= Beginning of Section =

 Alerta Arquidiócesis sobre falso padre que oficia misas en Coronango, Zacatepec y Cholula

= End of Section =
= Beginning of Section =

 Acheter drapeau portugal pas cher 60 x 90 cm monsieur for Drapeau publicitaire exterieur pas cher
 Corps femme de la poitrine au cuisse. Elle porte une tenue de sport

= End of Section =
= Beginning of Section =

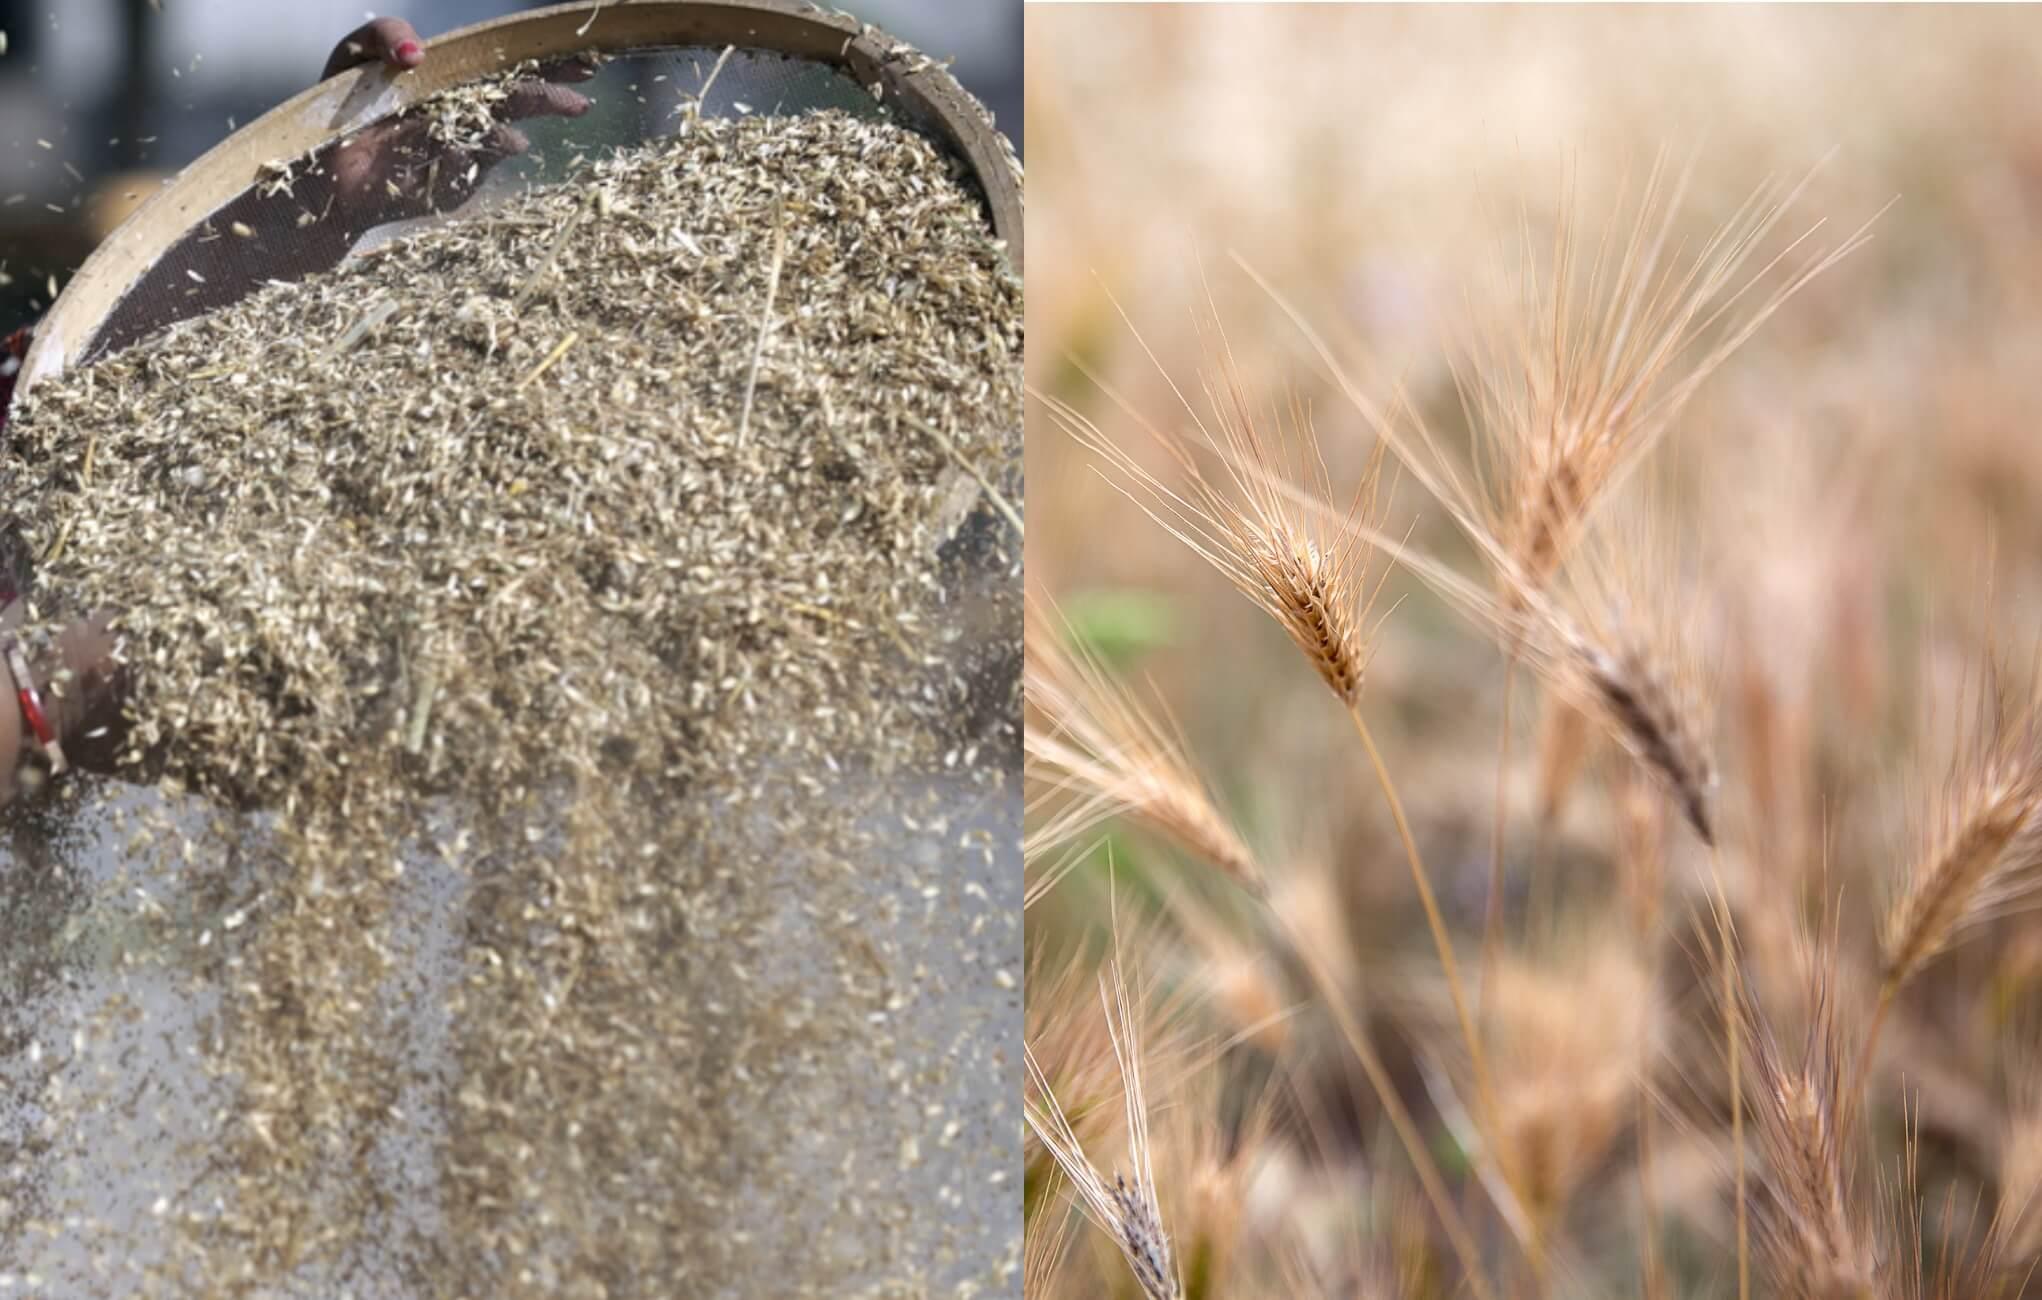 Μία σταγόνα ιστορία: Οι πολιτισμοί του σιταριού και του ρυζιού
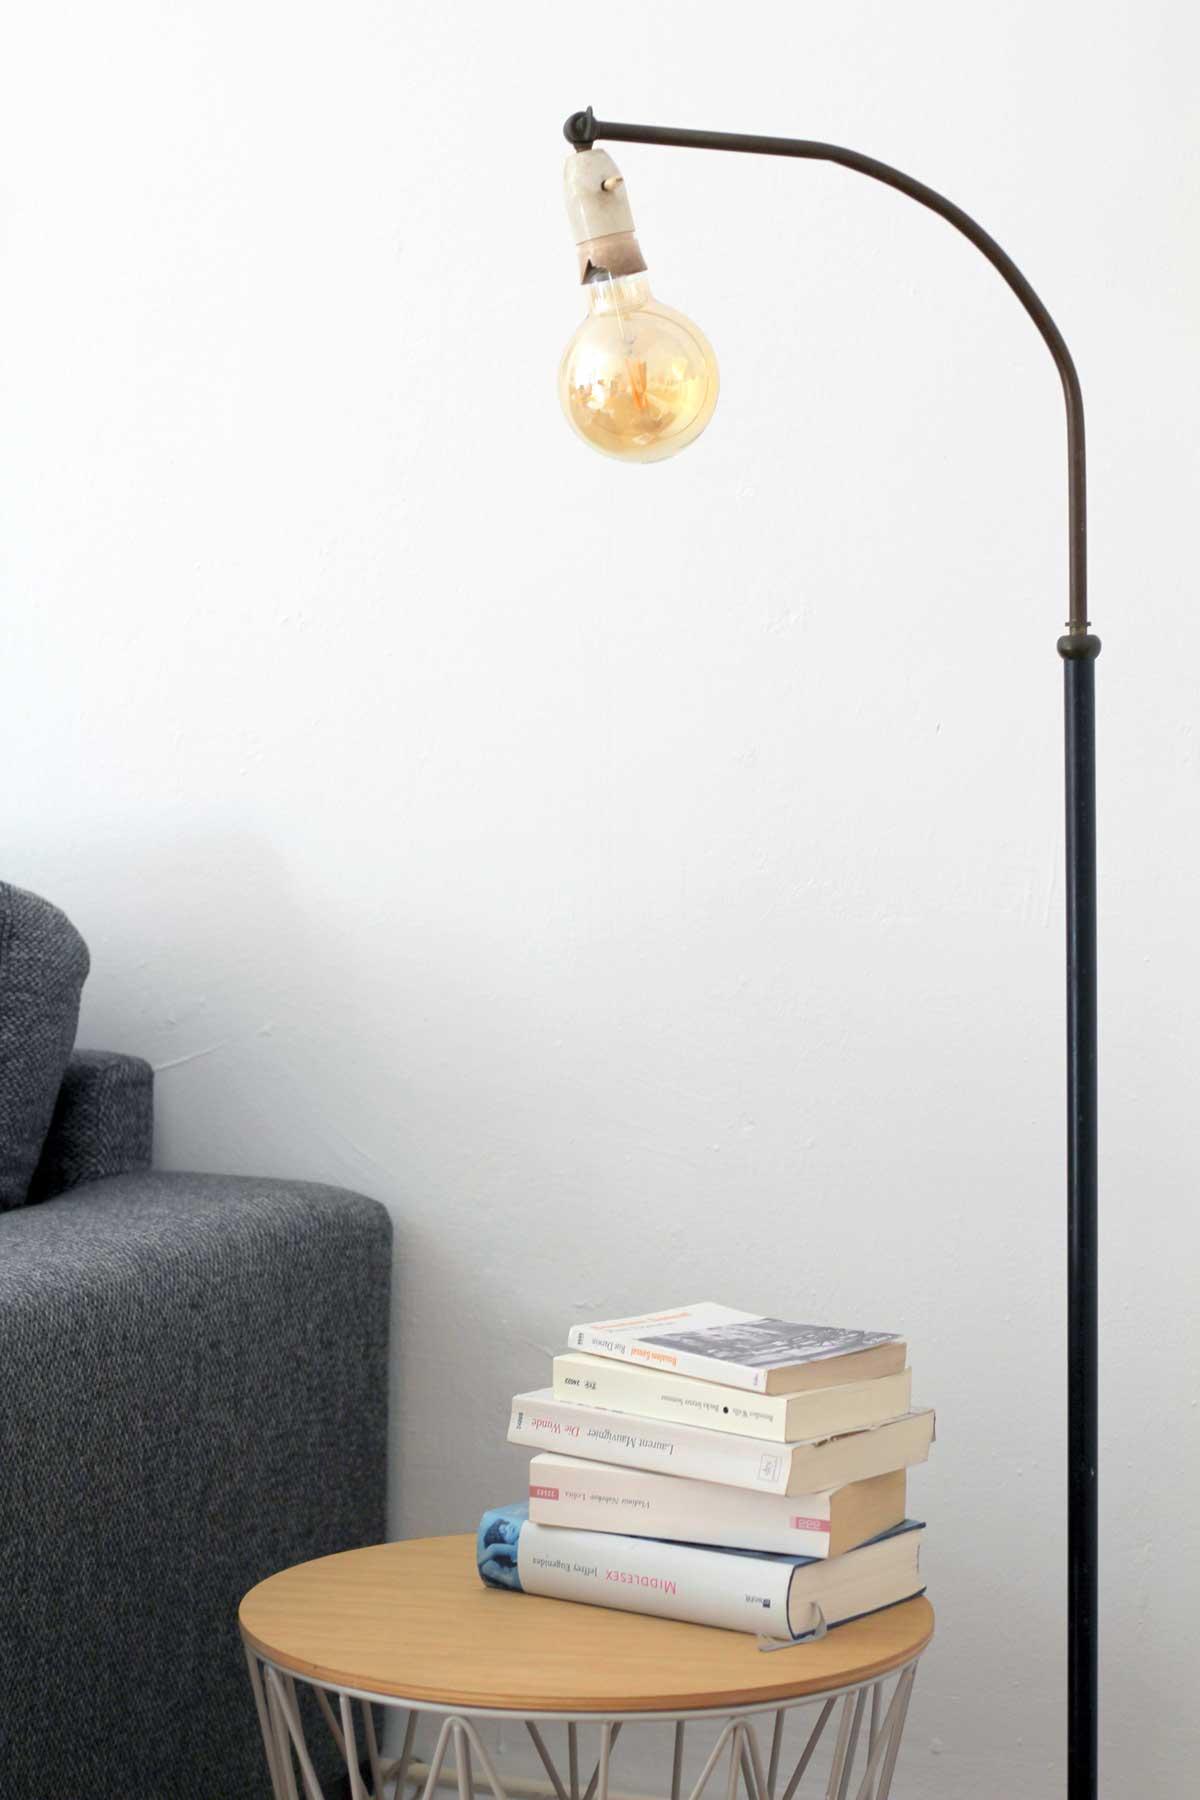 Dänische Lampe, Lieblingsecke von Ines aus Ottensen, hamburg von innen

= End of Section =

• **EXERCISE DETAILS**:
Within the listing above, extract exactly the lines from the line with "Acheter drapeau portugal" to the line with "Corps femme de", the two named lines included, and no others.

• **RESPONSE**:
 Acheter drapeau portugal pas cher 60 x 90 cm monsieur for Drapeau publicitaire exterieur pas cher
 Corps femme de la poitrine au cuisse. Elle porte une tenue de sport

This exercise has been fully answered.